Что же мы видим на самом деле?
1) Само «самосознание» у человеческого индивида приходит со временем. Сказать: «Cogito ergo sum» может только взрослый, только культурный, только философ. Недаром для этого потребовался Декарт.
2) Сознание «дано» вместе с его содержанием; нет бессодержательного сознания.
3) Содержание сознания на 999/1000 «дано» внешним миром.
4) Этот мир воздействует на человека, «аффицирует»[190] его чувствительные органы, т. е. является и историческим и логическим prius, первоначальным.
5) Сам человек активно воздействует на мир в своей телесности, в своей мыслящей телесности, но побеждая мир, подчиняется его законам.
6) Сам человек есть продукт развития 1) в обществе, 2) в виде homo sapiens, в человеческом стаде, 3) потенциально — в виде человекообразной обезьяны и т. д. назад в эволюционной цепи.
7) Органический мир проистекает из неорганического и т. д.
Здесь мы, таким образом, переходим в область различных наук, касающихся эволюции материи и качественных ступеней этой эволюции.
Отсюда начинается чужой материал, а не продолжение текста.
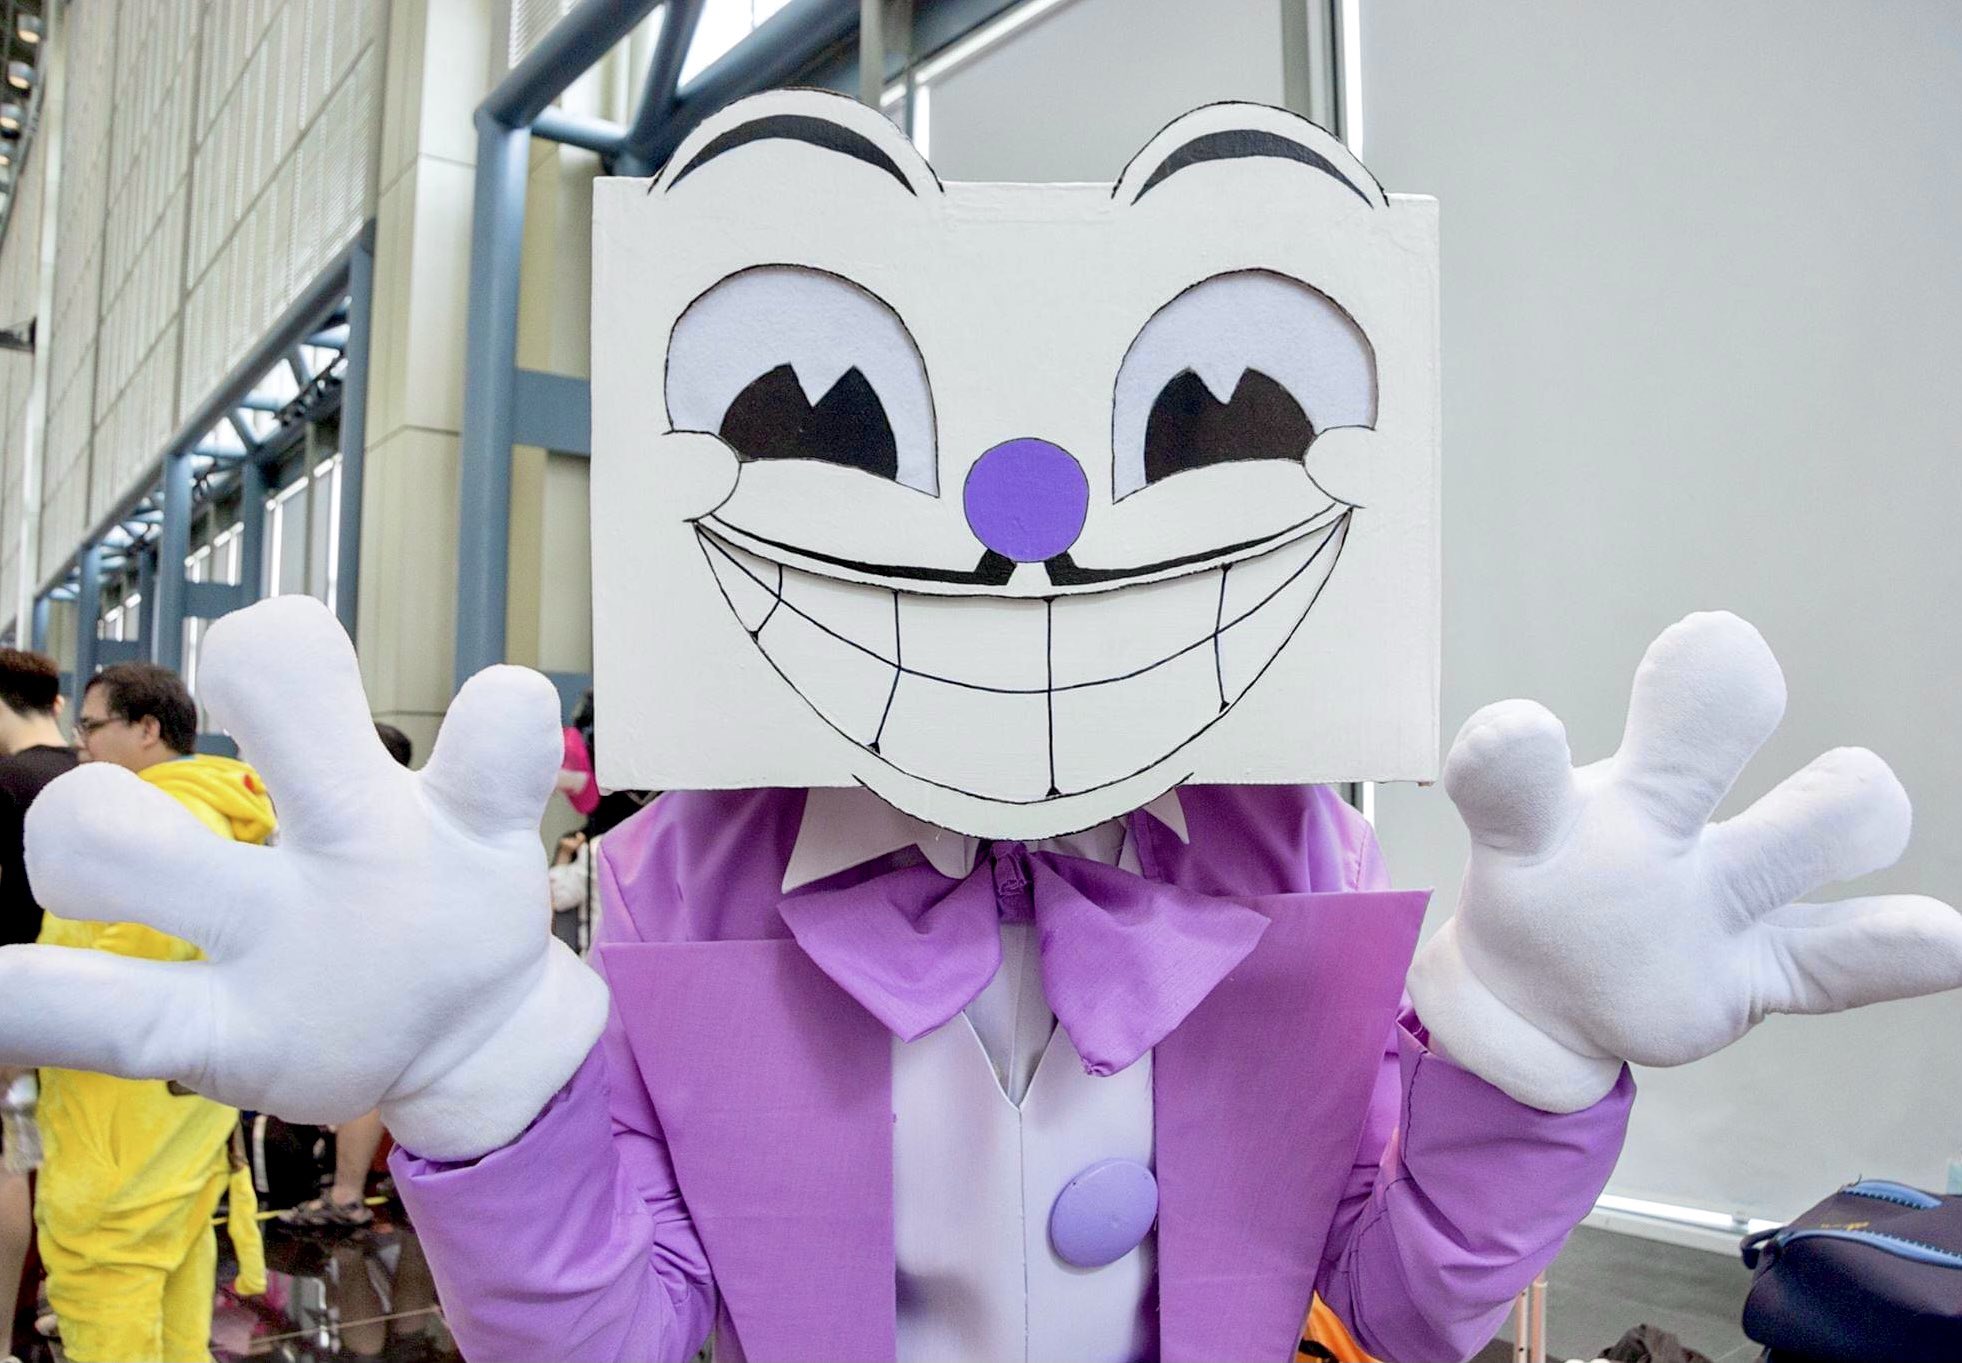 K👁ma on X: Throwback to 2017 👀👀👀 (oh boy it's been 5 years) when I  cosplayed King Dice and Devil with @_MikuChii as Mugman and King Dice💙💜 I  miss going to cons

Все данные говорят нам о нарастании новых качеств, и на трактовку сознания, как свойства только определённого вида материи. За панпсихистскую[191] концепцию говорит лишь одна антропоморфическая аналогия, но разве это доказательство? Это — возврат к первобытному анимизму во всей его примитивности. На этой анимистической метафоре покоится и вся философия Шеллинга, что понял так хорошо умница Гейне (в связи с этим интересно вспомнить замечание Л. Фейербаха, что поэзия не претендует на реальность своих метафор!) Таким образом, наука говорит об историческом происхождении органического из неорганического, живой материи из материи неживой, мыслящей материи из материи немыслящей. В этом смысл того замечания (лишь по видимости тривиального), которое делает Энгельс в «Анти-Дюринге», говоря, что действительное единство мира заключается в его материальности, и что это доказывается сложной работой науки, а не парой априорных тощих, высосанных из пальца тезисов. Именно поэтому идеалистический инстинкт Гегеля как бы ощущал, что идея развития в природе опрокинет идеализм. Поэтому в его системе и заключено чудовищное (и отнюдь не диалектическое!) противоречие: природа у Гегеля не знает развития, виды органического неизменны, сделан громадный шаг назад по сравнению с Кантом, естественно-научные взгляды которого были чрезвычайно прогрессивны для своего времени. А здесь великий диалектик, поднявший принцип движения и развития на такую высоту, для всей природы взял назад своё основное завоевание! Ему претила атомистическая гипотеза, получившая такое блестящее подтверждение в современной физике. Ему претила теория изменяемости видов. Ему претила сама эволюция в природе! И нужно видеть, как изворачивается здесь его хитроумная мысль… Тут диалектика гибнет во славу идеализма; буквально Ad majorem Dei gloriam[192] диалектика закалывается на алтаре идеалистической философии. И именно поэтому развитие самой диалектической мысли властно требовало соединения с материализмом, что и было реализовано в марксизме на основе, разумеется, не сепаратного «самодвижения понятий», а на широком фоне действительной жизни.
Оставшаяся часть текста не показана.